The work permit application package and guide can be found on the Immigration, Refugees and Citizenship Canada’s website here. The checklist can be downloaded here. In addition to the standard forms and documents that are required for work permit applications, PGWP applicants are required to provide the following:
One question that frequently arises is what would happen if a student obtains a second one-year diploma after having already completed a one-year diploma prior to that. Would the student be eligible for a one year PGWP or a two-year one?
The answer is that the length of the two one-year degrees may be combined to obtain a three-year work permit. For example, a student who obtains a one-year diploma program in Canada, and then completes a one-year MBA, well receive a three year PGWP.
Students who complete a program of study by distance learning (from outside or inside Canada) are not eligible for the PGWP.
After much uncertainty over how this distance-learning policy was to be interpreted, pursuant to the IRCC website officers are recommended to use the following guidelines in their assessment of an applicant’s PGWP eligibility when they have taken distance or online learning in Canada:
- when less than the majority of all the credits earned by the student toward the completion of a program of study were earned by completing online courses, a post-graduation work permit may be issued based on the length of the program as confirmed by the school, including credits earned from both in-class and online courses; and
- when the majority of the credits earned by the student toward the completion of a program of study were earned by completing online courses, the applicant is ineligible for the PGWP, as the program may reasonably be considered a distance-learning program.
Implication of Doing a Victory Lap and Going on Exchange
While the PGWP requires full-time study, there is an exception for people in their last semester.
As well, going on exchange outside of Canada will not result in someone being ineligible to obtain a PGWP.
Open Spousal Work Permits
The spouse or common-law partner of a PGWP holder can obtain a work permit only if the PGWP holder is working in a skilled occupation as defined in National Occupational Classification 0, A or B of the National Occupational Classification website. To demonstrate this, the spouse or common-law partner should show the following.
- a letter from their current employer confirming employment or a copy of their employment offer or contract; and
- a copy of 3 of their pay stubs.
One of the more surprising things about the PGWP is its rather high refusal rate.
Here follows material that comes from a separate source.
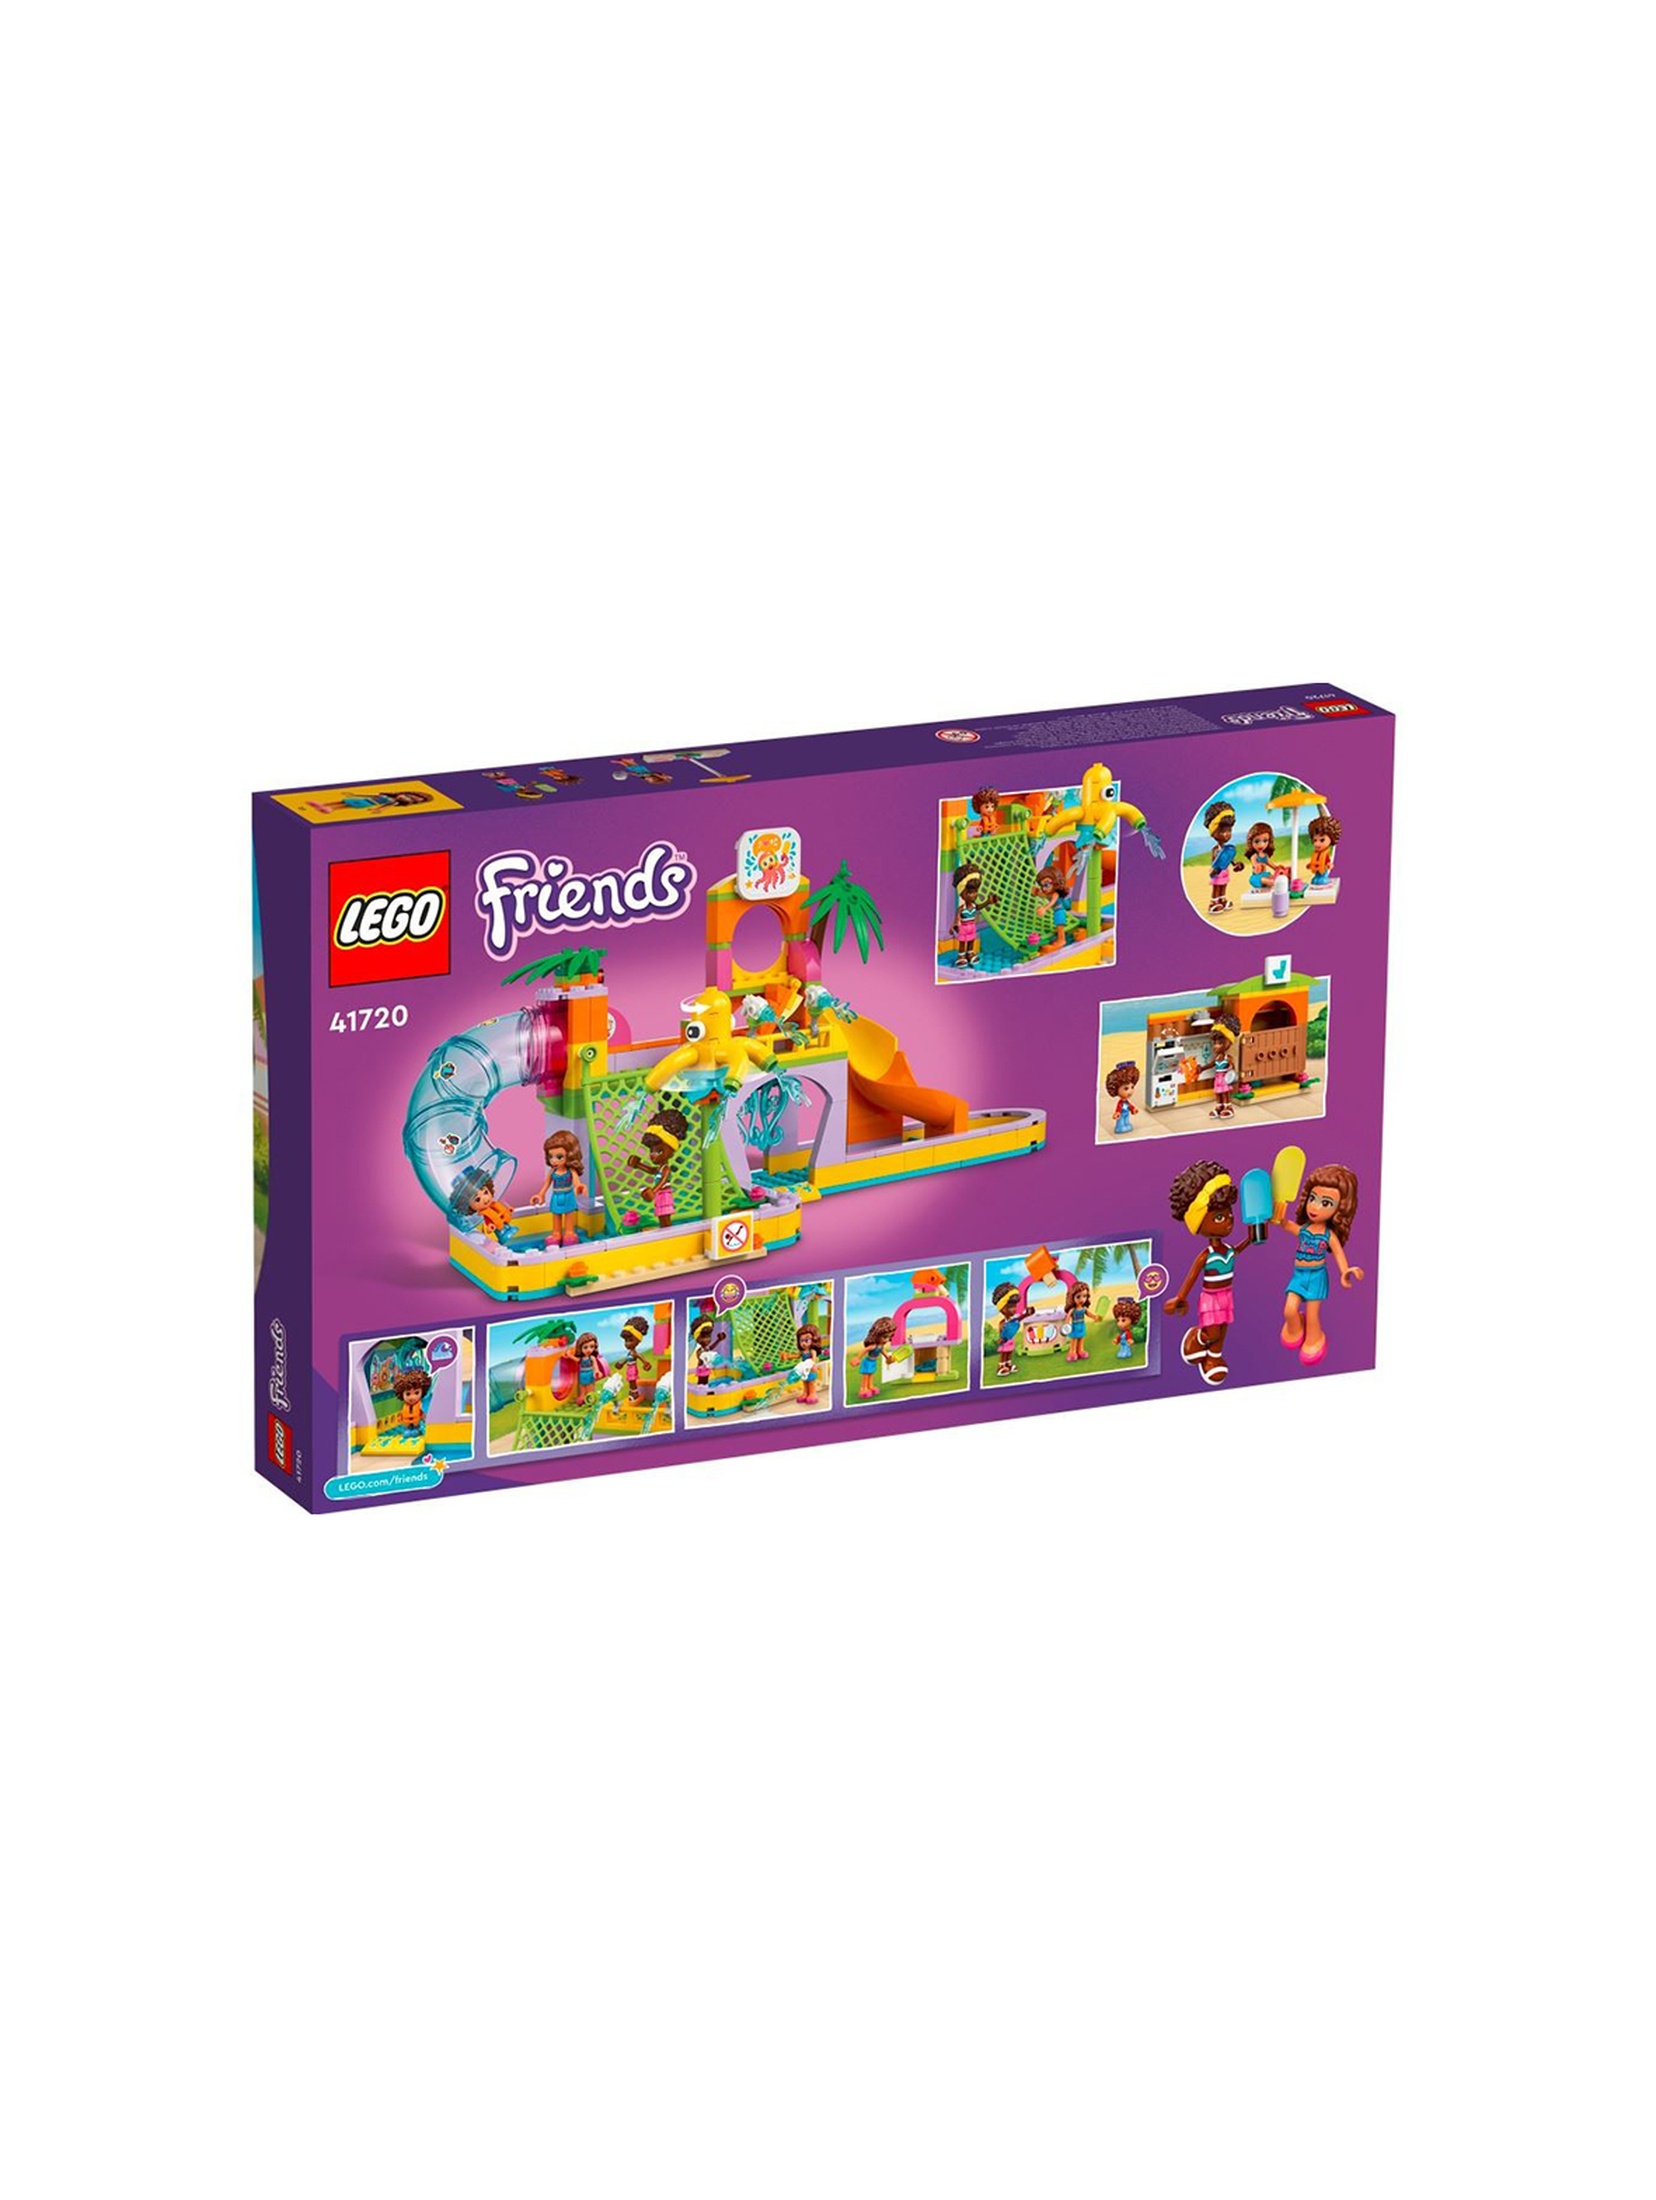 LEGO Friends - Park wodny 41720 - 373 elementy, wiek 6+

Indeed, during the first six months of 2016, the PGWP refusal rate exceeded 20% in every month except May, and in both June and March the refusal rate was 40% or more.
Although a breakdown of the reasons for refusal of PGWP applications has not been published, it is likely because international graduates either:
- attended a private school whose graduates are not eligible to receive PGWPs (which, contrary to the opinion of some private institutions) is mot of them;
- their application was returned for being incomplete and when they tried to apply again their study permit had expired; or
- a visa officer determined that they did not meet the full-time studies requirement.
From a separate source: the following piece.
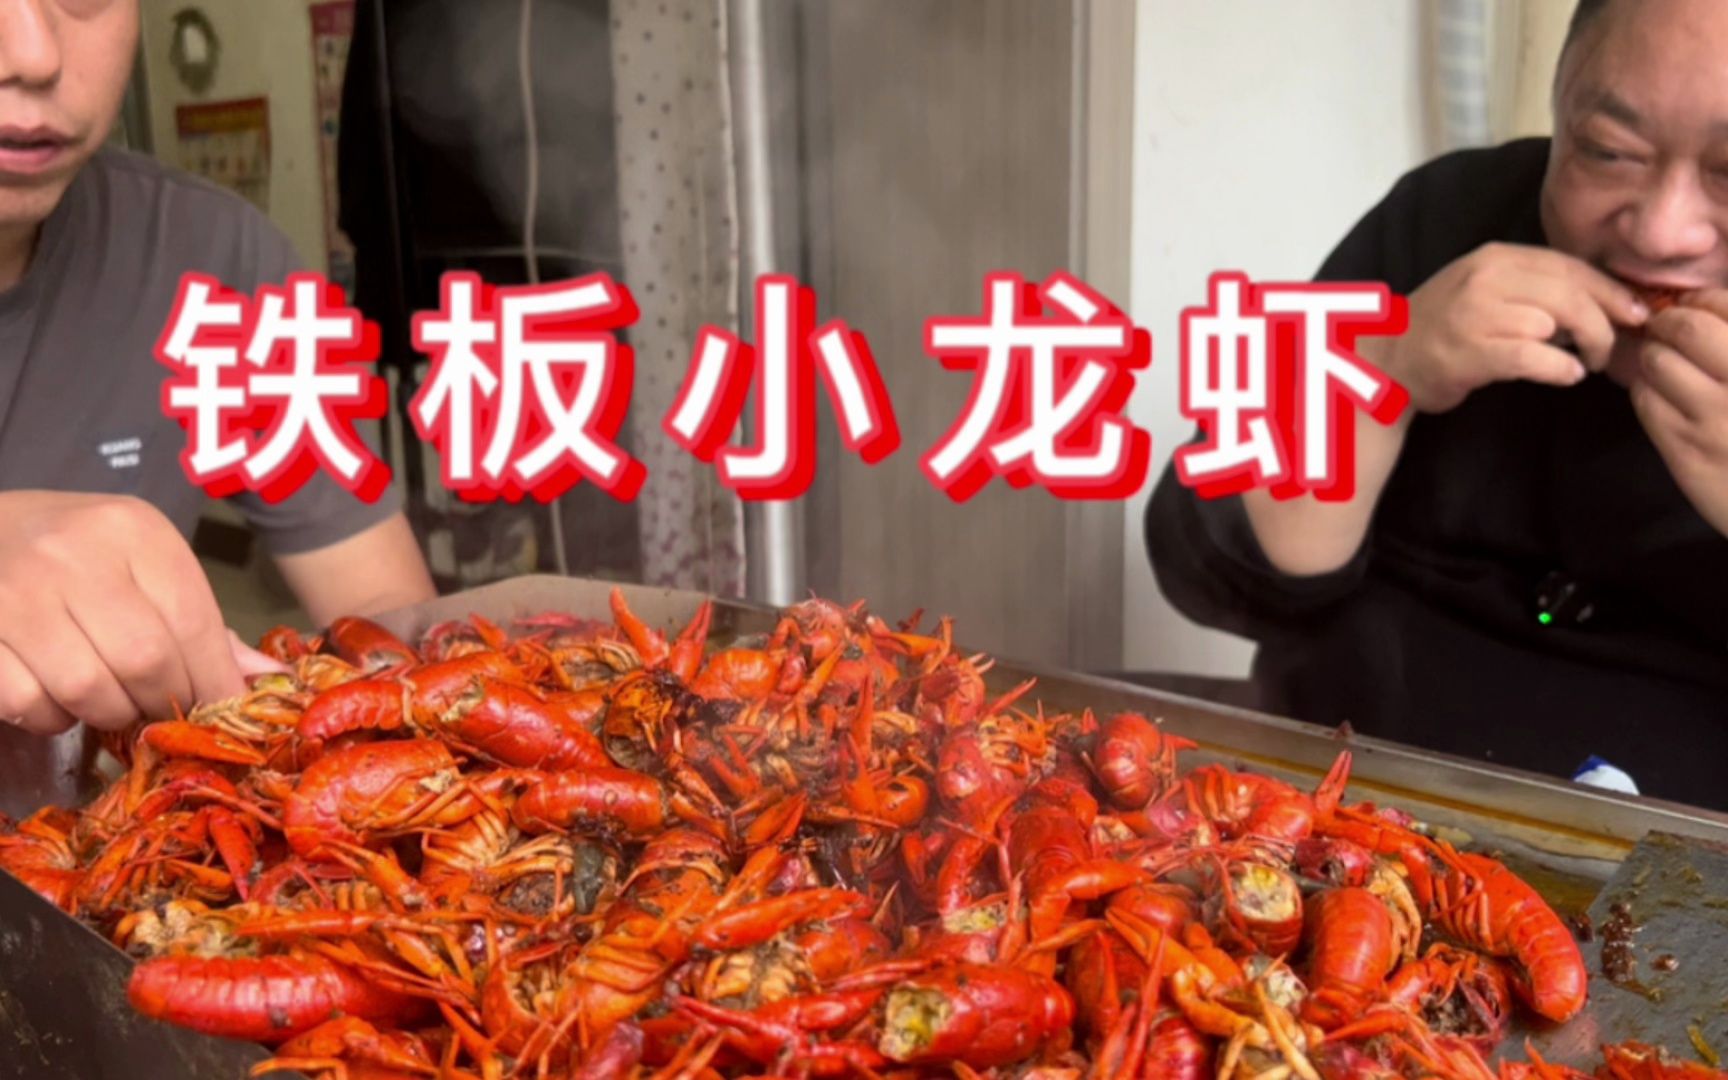 胖龙家准备装修，买13斤小龙虾，做“铁板小龙虾”吃的停不下
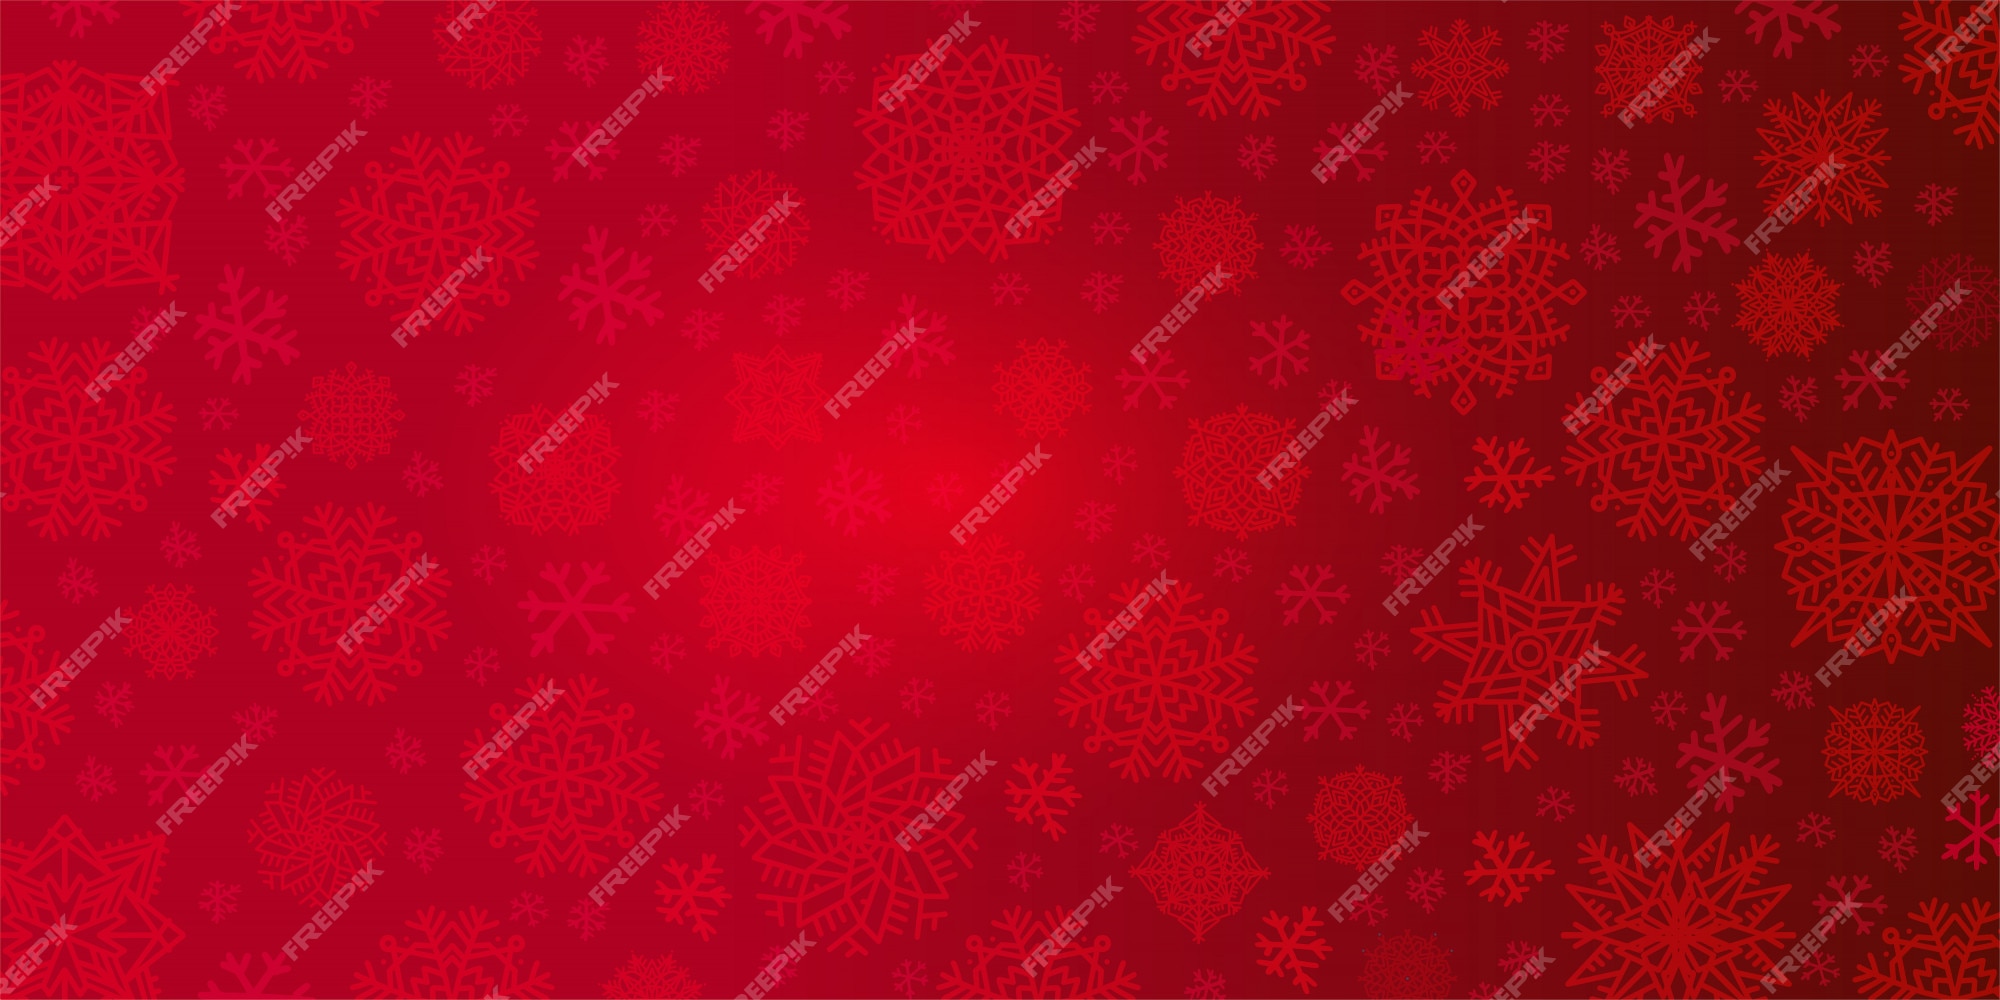 Tết đến rồi, bạn đã chuẩn bị cho ngôi nhà của mình một hình nền Giáng sinh đẹp chưa? Với màu đỏ tươi trẻ, hình nền Giáng sinh này sẽ làm cho không gian sống của bạn thêm ấm áp và đầy hứng khởi. Tải ngay và hoàn thành không gian Tết của bạn ngay hôm nay nhé!

In order to avoid such rejections, it is important that students:
- research their prospective educational institution so that they know whether it qualifies;
- ensure that their PGWP application is complete and that it includes the correct fee amount; and
- if there is any question about whether their studies were full-time, to make sure that it is explained in their application.
As with all applications, the onus is on the applicant to make sure that they have shown that they meet the requirements of the PGWP. If something is unclear, the visa officer is not under any obligation to seek clarification, but can refuse the application. For this reason, it is imperative that international graduates ensure that their application is complete and satisfactory.